Appelons
racines ce de quoi une oeuvre se nourrit et ailes
la parole et le chant.
Que
d'excellents professeurs de prépas conseillent à leurs étudiants
de s'en tenir au thème, La recherche du bonheur et à
chaque oeuvre du programme dans sa reliance avec les deux
autres, témoigne simplement de leur souci, de leur projet: les
aider à réussir leur concours en centrant leurs efforts sur le
simplement utile. Mais, ne faut-il pas d'abord prendre en considération
ce qui vraiment utile, ce qui importe: il est impossible de
couper une oeuvre de ses racines. Comment comprendre le parcours
de l'auteur qui apparaît singulièrement dans l'originalité de
l'oeuvre pouvant aller jusqu'à la rupture, comment cerner
l'originalité de "Le chercheur d'or", sans avoir
saisi les racines et les radicelles qui le nourrissent?
Comment
saisir Le Clézio qui joue le jeu de l'être avec une boîte
d'allumettes (La Fièvre, page 117), sans connaître ce
parti pris des choses qui animait Francis Ponge? Ne s'agit-il
pas chez les deux auteurs de sauver le réel de sa profonde
inexistence par la parole et le chant?
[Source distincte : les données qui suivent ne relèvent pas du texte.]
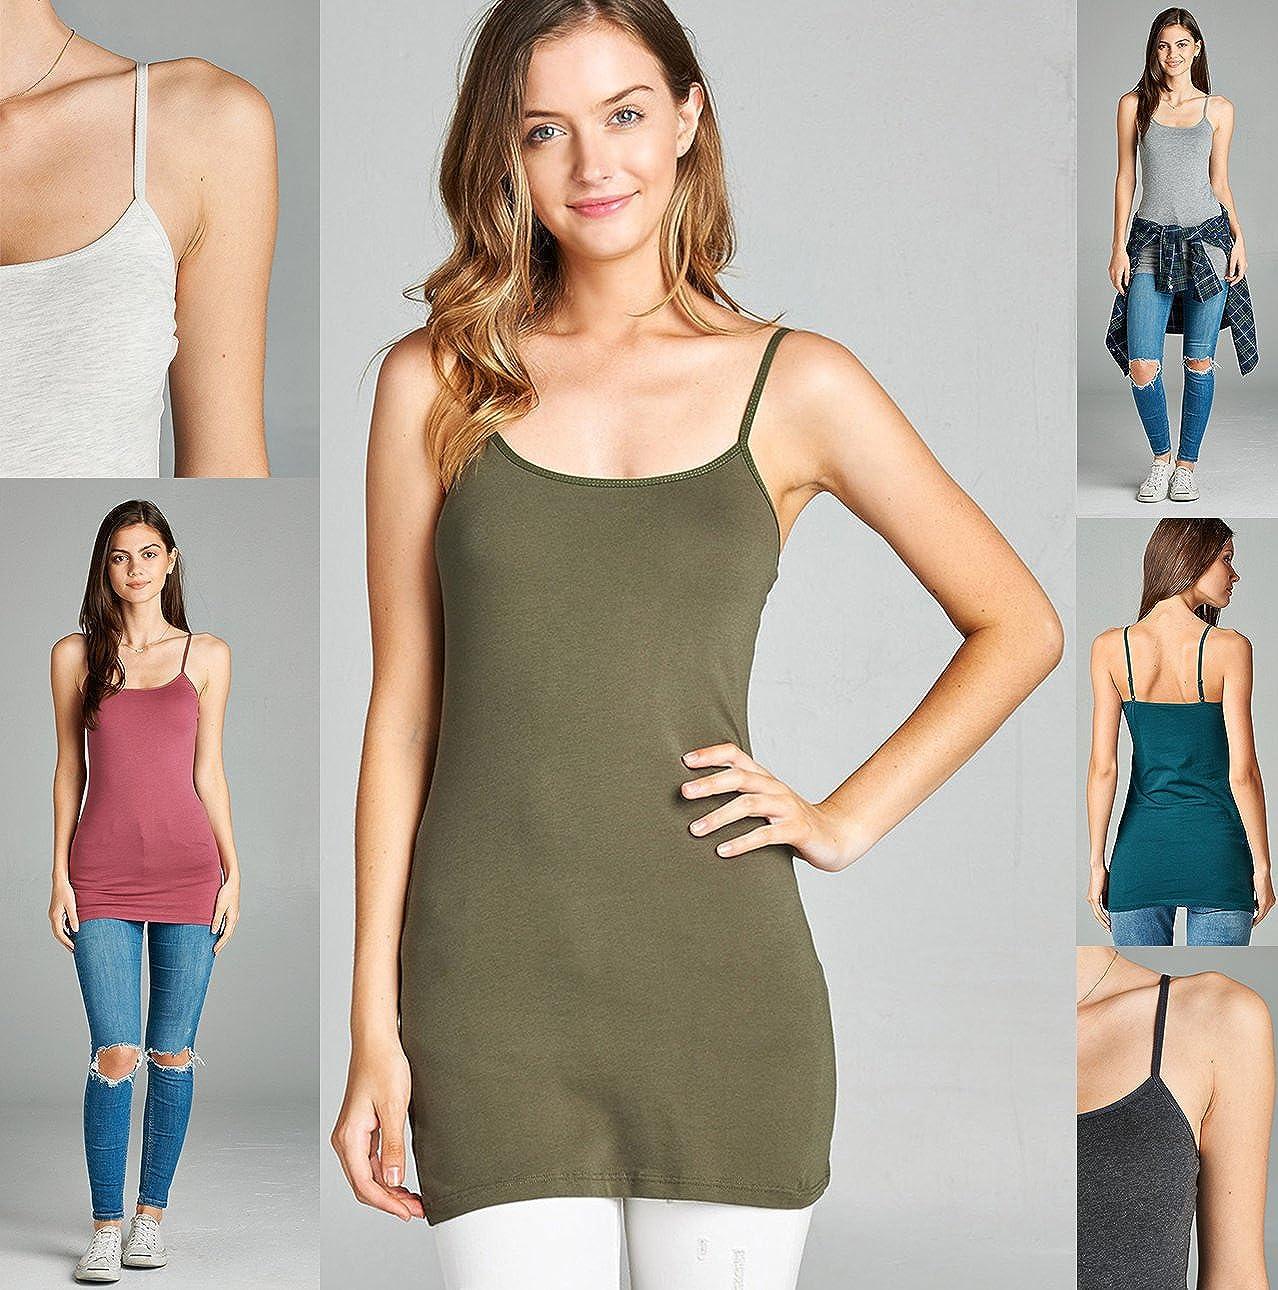 04e5a3f904201 Amazon.com  Emmalise Women s Basic Casual Long Camisole Cami Top Regular  and Plus Sizes  Clothing

Comment y arriver si
notre regard est aveugle, fermé par une taie? (Le Désert,
page 293, 295)
Même
en science on constate que plus la recherche semble gratuite,
plus elle s'élargit aux dimensions d'un monde et plus sa fécondité
est grande: c'est dire que le simplement utile, la simple
recherche d'une application est un appauvrissement a priori.
Voilà
pourquoi nous allons essayer de repérer quelques unes de ces
racines qui nous seront bien utiles d'abord pour comprendre
l'expression La recherche du bonheur, pour épouser le
mouvement et le sens de l'oeuvre au programme et même pour
relier les trois oeuvres du programme.
Au prix de cet effort d'élargissement, de culture générale
qui semble toujours inutile aux gens pressés, nous obtiendrons
non seulement l'efficacité mais aussi et surtout l'activation
en nous de l'existence spirituelle, ce qui
n'est pas peu, on en conviendra, activation par un effort pour
suivre Le Clézio qui cherche à dire -dans une ambition qui le
rapproche de Mallarmé et de Ponge- ce qui par nature est
indicible: le concret.
Courage ! Ne s'agit-il pas de vivre avec le monde dans la
jubilation d'un bonheur digne des îles fortunées?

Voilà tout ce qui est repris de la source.